The Hopcops are coming! The Hopcops are coming!

The Johns Hopkins University is encouraging the Maryland state legislature to approve a bill creating a private police force for the University. We at the Black and Blue Jay diligently read the fine print of this bill, and found that there’s more to Ronny D’s sinister plan than meets the eye.

Students should expect to see a number of measures intended to further “liberate” the Hopkins community from the violence of the extremely gentrified neighborhood where we reside. Among these measures is the Student Technology and Materials Printing (STAMP) Act, which imposes dramatically higher prices for printing. To corner the lucrative printing market, the school will confiscate all printers owned by students and donate them to MICA.
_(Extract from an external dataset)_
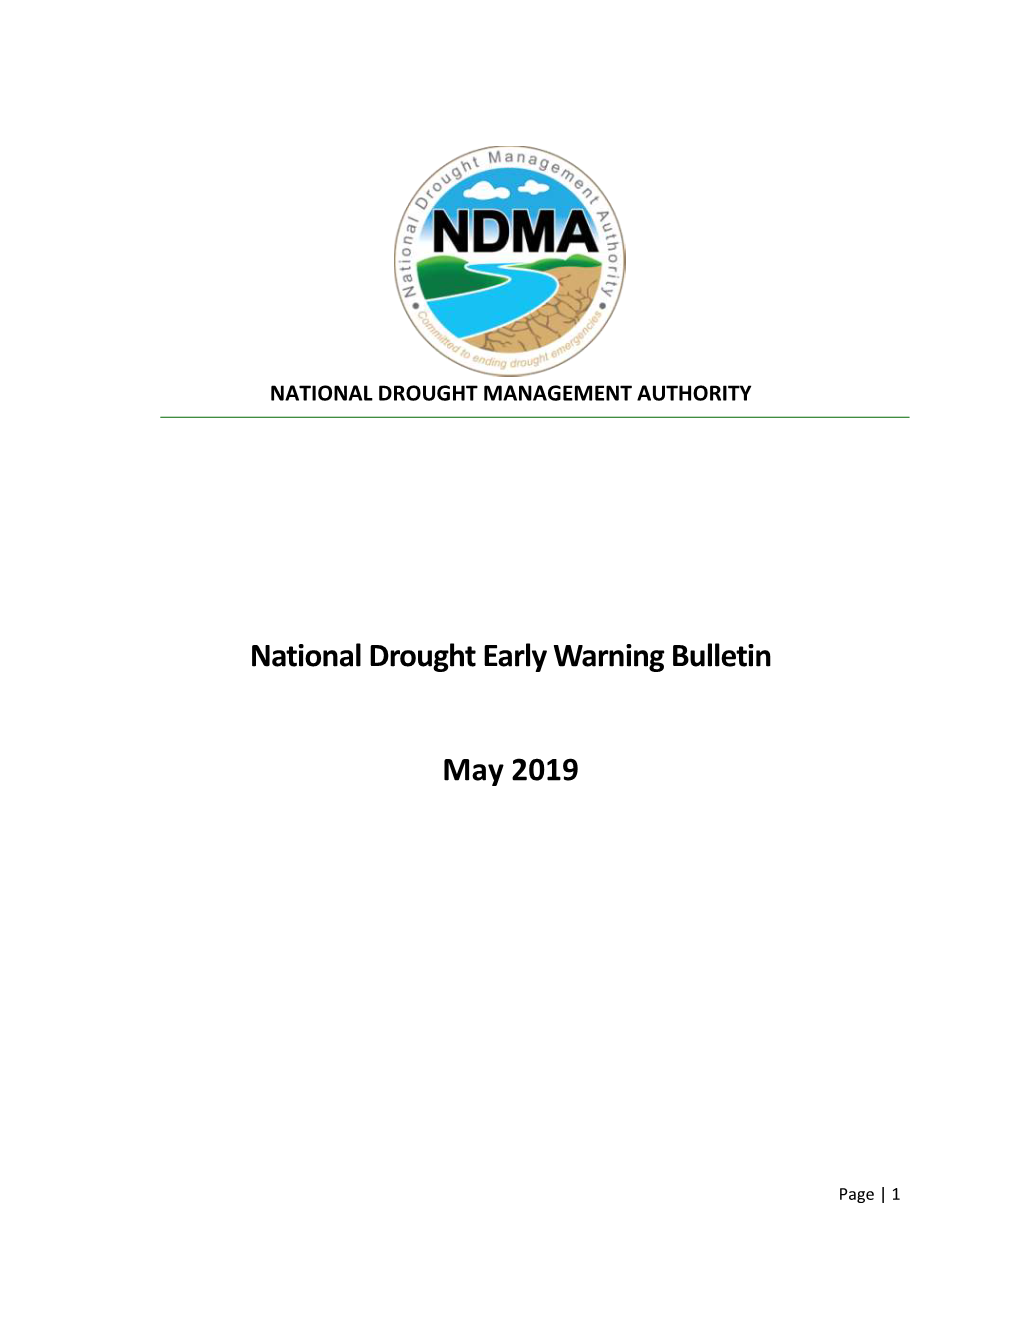 National Drought Early Warning Bulletin May 2019

Next is the thrifty replacement for SOHOP: the Student Overnight Housing Of Police. Freshmen will receive the distinct honor of quartering anywhere from one to five HopCops in their dorm rooms, and surrendering their meal swipes if they get hungry. Give them your shower shoes too– those bathrooms are nasty.
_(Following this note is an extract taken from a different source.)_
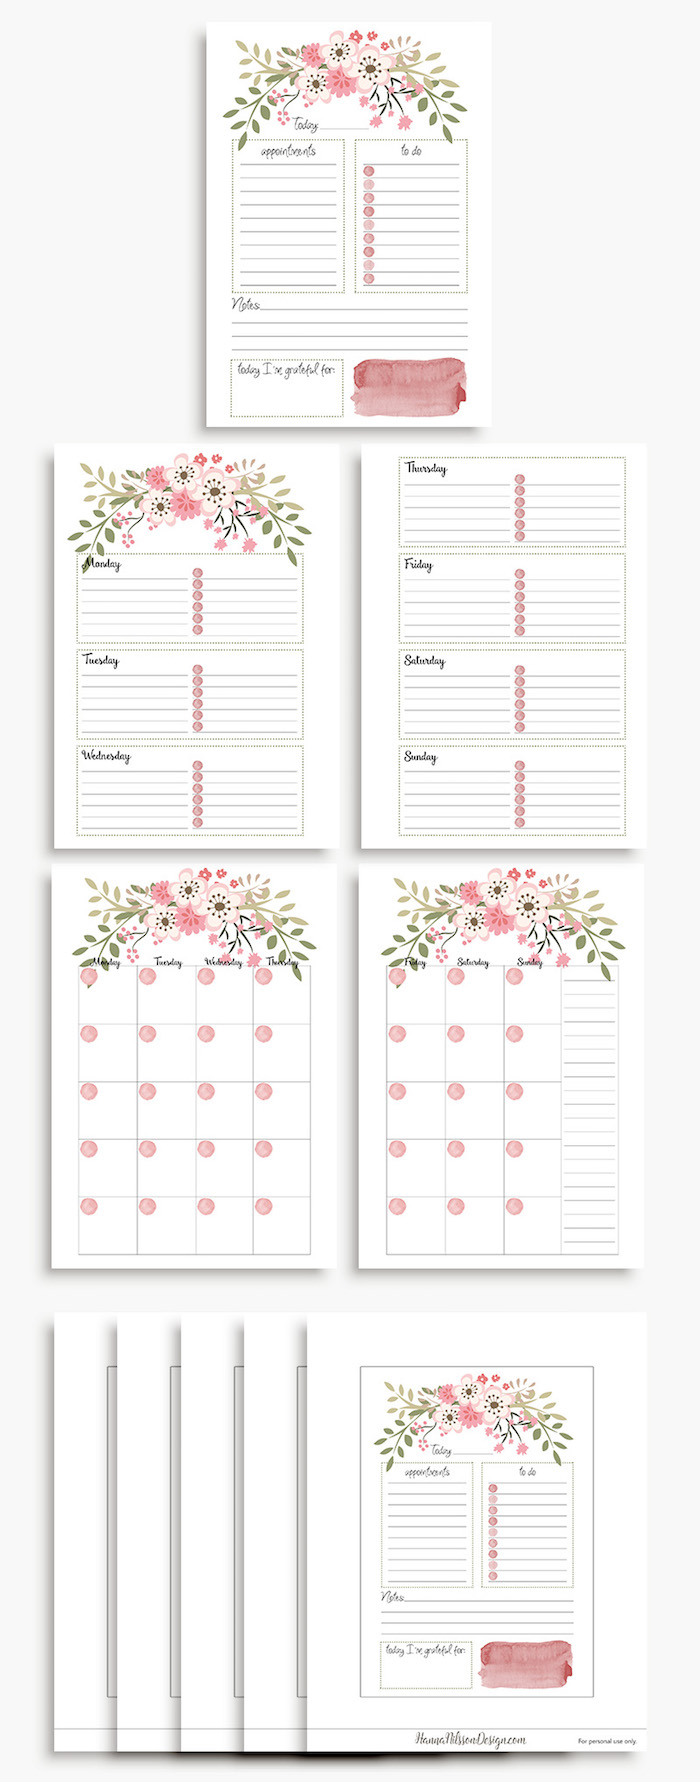 planner à imprimer floral fleurs rose printemps gratuit planning semaine quotidien hebdomadaire

Despite the “flagged: urgent!” mass emails being sent out every ten minutes by the Students Against Private Police, we ask you to resist the urge to dump your dirty chais into the Inner Harbor. Hopkins’ elite private navy, the FFSea, has issued the following warning in anticipation of a JHU mutiny:

“Hear ye, hear ye! All insubordinate students will see their meal plans revoked and their GPAs reduced by 0.5-1.0 points, depending on the severity of the violation. Good luck getting into med school then, bitches!”

But not all hope is lost for us Blue Jays. SGA freshman Bethany Ross, eager to prove herself (and puff up her resume) is organizing the Pre-Meds of Liberty, who will protest the hostile takeover by systematically setting off every Blue Light alarm on campus until the entire police force quits.

Junior GECS major Trevor Travis is also organizing a hunger strike against the FFC, although it’s not clear how he thinks that will help anything. At press time, Travis was outside Garland Hall shouting, “Give me liberty or give me debt!” to which a financial aid officer replied, “okay, debt it is.”

If a private police force indeed descends upon the school, organizers have advised all students to look for lanterns in the Gilman clock tower. They will hang one if police come by land, two if they descend in helicopters, and three if they approach on Segways rolling up North Charles in battle formations.

Organizers note that Segways are surprisingly easy to tip over– and as word of revolution spreads across campus, a single push may become the Shove Heard ‘Round the World.